Weil Lärm fast allgegenwärtig ist, scheint man kaum eine Chance zu haben, seiner schädlichen Wirkung zu entrinnen. Doch auch hier gibt es die Möglichkeit, präventiv vorzugehen. So kann man bereits gegen den alltäglichen Lärm von einem Gehörschutz (z.B. in Form von Ohrstöpseln) Gebrauch machen. Ist man in Clubs oder bei Konzerten unterwegs, sollte man unbedingt ausreichend Abstand von den Lautsprecherboxen halten.
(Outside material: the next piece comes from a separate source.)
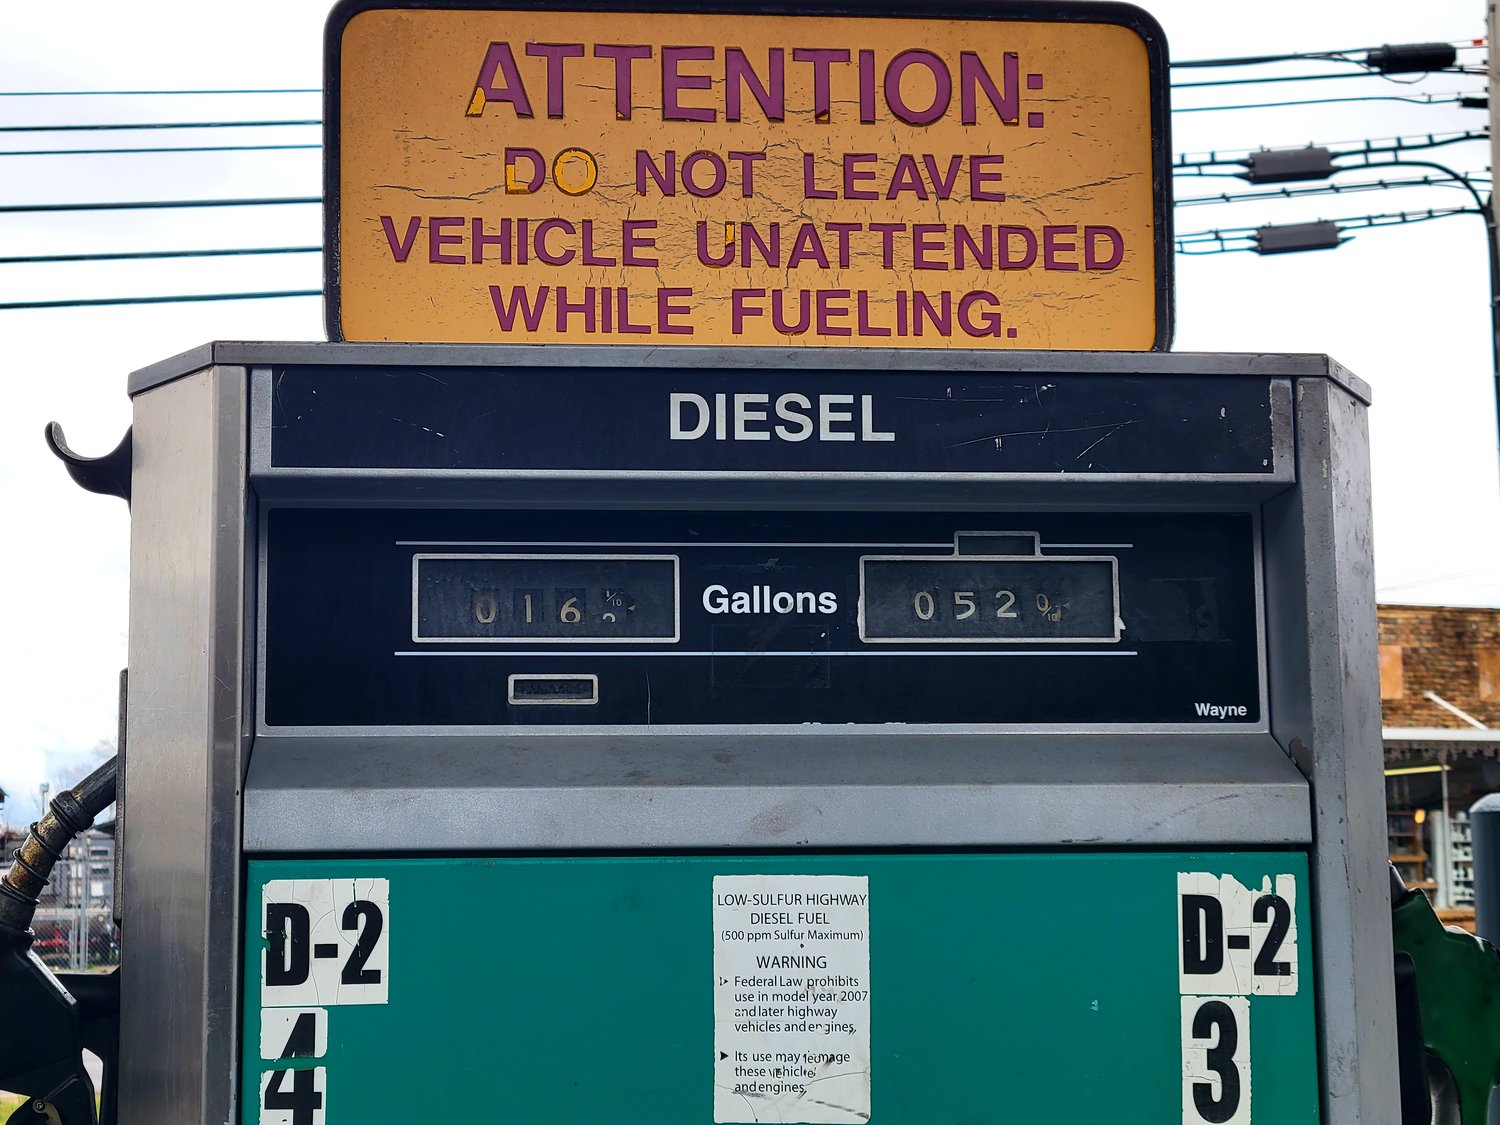 Even though the Bedford County School System is exempt from paying sales tax and the state fuel tax when purchasing fuel, the rising fuel prices are taking a toll on the County’s funds.
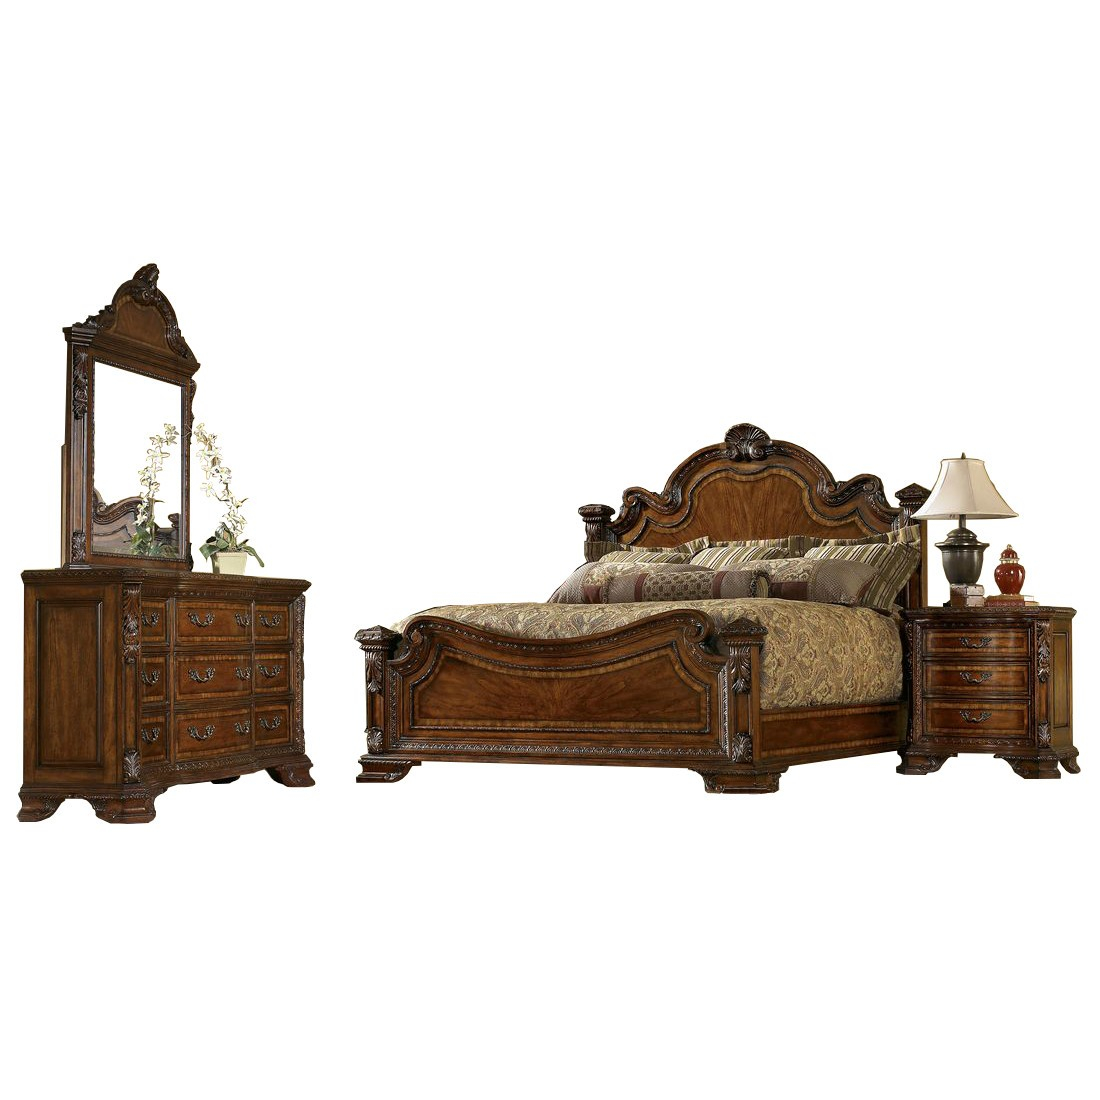 Art Furniture Old World Estate Bedroom Set with regard to dimensions 1100 X 1100

Noch wirksamer ist es auch hier, spezielle Ohrstöpsel zu tragen, um auf „Nummer sicher“ zu gehen.
Nutzt man Kopfhörer zum Musikgenuss, ist ebenfalls Zurückhaltung angebracht. Sobald nämlich die Musik aus dem Kopfhörer die Geräusche einer lauten Umgebung überdeckt, ist die Lautstärke zu groß, und es droht Gefahr für die Gesundheit.
Genauso wichtig wie das Einhalten von Lärm-Grenzwerten im beruflichen und im Freizeitbereich ist die gezielte Nutzung von Ruhepausen und Phasen der Erholung. Auch spezielle Entspannungsübungen haben sich als äußerst wirksam erwiesen. Sie helfen, Verspannungen im ganzen Körper zu lösen und auch die Wahrnehmung der Umgebung durch unsere Sinnesorgane wieder auf ein Basisniveau zu bringen. Eine empfehlenswerte Übung findet man auf dieser Website.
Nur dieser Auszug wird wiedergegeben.